--- Assigned task ---
Each line from the first down to the one containing "Wallpaper Iphone Wallpaper" should be returned exactly as it appears below.

─── Provided records ───

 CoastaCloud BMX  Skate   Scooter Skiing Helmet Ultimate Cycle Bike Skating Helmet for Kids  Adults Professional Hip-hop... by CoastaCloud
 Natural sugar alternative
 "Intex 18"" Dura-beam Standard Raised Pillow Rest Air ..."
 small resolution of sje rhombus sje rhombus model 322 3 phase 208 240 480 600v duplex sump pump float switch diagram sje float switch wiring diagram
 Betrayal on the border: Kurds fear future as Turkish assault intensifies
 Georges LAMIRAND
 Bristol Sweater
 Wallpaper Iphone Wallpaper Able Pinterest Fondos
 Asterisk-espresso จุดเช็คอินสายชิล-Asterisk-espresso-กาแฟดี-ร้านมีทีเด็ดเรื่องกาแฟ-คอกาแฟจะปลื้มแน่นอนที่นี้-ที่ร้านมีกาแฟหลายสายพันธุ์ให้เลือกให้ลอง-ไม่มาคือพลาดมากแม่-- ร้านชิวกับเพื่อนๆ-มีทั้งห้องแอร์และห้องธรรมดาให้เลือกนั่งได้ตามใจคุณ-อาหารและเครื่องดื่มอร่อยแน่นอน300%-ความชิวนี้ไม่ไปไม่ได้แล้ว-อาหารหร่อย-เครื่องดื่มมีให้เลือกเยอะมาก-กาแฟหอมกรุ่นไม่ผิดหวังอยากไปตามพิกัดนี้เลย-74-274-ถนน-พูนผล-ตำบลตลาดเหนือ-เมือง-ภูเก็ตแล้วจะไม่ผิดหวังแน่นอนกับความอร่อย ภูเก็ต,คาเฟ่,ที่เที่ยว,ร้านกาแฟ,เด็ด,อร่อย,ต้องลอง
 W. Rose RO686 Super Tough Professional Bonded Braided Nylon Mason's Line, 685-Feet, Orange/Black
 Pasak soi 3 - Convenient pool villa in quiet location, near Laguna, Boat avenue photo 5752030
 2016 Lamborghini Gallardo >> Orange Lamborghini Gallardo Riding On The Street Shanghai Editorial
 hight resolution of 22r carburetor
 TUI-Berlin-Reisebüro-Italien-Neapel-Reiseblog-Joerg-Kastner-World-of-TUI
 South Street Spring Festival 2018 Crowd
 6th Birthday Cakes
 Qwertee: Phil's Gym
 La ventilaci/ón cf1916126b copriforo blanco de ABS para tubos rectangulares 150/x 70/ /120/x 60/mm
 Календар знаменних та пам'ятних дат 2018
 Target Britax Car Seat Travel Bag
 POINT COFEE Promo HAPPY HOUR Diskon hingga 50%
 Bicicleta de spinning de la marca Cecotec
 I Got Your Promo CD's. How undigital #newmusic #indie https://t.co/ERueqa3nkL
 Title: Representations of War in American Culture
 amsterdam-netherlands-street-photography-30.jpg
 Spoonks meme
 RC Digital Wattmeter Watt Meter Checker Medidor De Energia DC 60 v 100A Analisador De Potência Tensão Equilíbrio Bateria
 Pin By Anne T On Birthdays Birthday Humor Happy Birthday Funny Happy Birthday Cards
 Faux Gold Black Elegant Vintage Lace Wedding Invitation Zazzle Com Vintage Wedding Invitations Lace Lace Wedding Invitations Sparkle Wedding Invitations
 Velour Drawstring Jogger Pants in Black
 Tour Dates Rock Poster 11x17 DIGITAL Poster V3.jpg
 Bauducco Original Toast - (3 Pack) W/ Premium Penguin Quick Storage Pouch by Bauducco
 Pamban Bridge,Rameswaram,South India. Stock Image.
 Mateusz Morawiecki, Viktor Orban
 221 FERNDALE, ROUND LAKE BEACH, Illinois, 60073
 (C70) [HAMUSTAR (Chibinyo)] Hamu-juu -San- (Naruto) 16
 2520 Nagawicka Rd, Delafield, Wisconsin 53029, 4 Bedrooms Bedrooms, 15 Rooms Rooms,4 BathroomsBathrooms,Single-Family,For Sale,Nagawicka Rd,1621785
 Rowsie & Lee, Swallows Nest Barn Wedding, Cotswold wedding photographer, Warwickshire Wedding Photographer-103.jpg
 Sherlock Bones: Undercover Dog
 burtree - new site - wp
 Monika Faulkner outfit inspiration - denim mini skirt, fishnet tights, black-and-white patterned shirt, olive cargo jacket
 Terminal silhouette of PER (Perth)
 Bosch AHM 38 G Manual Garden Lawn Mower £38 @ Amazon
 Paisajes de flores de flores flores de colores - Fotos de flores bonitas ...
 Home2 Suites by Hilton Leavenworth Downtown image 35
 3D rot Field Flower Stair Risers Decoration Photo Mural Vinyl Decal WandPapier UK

───

--- Solved exercise ---
 CoastaCloud BMX  Skate   Scooter Skiing Helmet Ultimate Cycle Bike Skating Helmet for Kids  Adults Professional Hip-hop... by CoastaCloud
 Natural sugar alternative
 "Intex 18"" Dura-beam Standard Raised Pillow Rest Air ..."
 small resolution of sje rhombus sje rhombus model 322 3 phase 208 240 480 600v duplex sump pump float switch diagram sje float switch wiring diagram
 Betrayal on the border: Kurds fear future as Turkish assault intensifies
 Georges LAMIRAND
 Bristol Sweater
 Wallpaper Iphone Wallpaper Able Pinterest Fondos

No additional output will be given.